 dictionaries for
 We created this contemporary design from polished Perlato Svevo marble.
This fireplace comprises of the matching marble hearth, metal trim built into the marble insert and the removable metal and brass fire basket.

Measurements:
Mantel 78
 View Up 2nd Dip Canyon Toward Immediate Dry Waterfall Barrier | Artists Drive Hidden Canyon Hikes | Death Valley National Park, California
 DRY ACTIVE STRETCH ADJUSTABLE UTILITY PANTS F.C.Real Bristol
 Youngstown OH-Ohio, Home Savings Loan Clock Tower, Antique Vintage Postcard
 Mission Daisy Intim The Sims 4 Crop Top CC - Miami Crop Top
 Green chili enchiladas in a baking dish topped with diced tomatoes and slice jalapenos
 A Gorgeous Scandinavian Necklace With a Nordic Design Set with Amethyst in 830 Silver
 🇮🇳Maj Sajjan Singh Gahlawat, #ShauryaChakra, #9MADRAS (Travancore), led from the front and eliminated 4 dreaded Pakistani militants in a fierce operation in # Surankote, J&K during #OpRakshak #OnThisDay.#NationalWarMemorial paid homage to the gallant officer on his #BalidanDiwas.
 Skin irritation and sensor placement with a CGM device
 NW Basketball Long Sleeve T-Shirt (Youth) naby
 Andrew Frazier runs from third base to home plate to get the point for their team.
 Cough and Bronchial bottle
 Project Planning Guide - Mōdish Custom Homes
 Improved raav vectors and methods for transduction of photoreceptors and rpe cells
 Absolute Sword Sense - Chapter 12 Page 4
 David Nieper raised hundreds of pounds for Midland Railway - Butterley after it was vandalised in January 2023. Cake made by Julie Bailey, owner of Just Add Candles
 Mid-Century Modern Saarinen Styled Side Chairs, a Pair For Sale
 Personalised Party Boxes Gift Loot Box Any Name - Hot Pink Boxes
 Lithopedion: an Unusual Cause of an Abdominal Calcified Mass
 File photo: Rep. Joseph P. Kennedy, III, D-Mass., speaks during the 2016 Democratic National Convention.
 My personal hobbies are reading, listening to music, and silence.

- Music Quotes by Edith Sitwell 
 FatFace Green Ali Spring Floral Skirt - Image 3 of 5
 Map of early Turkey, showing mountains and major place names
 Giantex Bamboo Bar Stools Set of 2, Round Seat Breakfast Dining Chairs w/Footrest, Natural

= Problem =
Starting at the line that contains "Personalised Party Boxes", retype each line through the last one in the records, both included, and add nothing.

= Answer below =
 Personalised Party Boxes Gift Loot Box Any Name - Hot Pink Boxes
 Lithopedion: an Unusual Cause of an Abdominal Calcified Mass
 File photo: Rep. Joseph P. Kennedy, III, D-Mass., speaks during the 2016 Democratic National Convention.
 My personal hobbies are reading, listening to music, and silence.

- Music Quotes by Edith Sitwell 
 FatFace Green Ali Spring Floral Skirt - Image 3 of 5
 Map of early Turkey, showing mountains and major place names
 Giantex Bamboo Bar Stools Set of 2, Round Seat Breakfast Dining Chairs w/Footrest, Natural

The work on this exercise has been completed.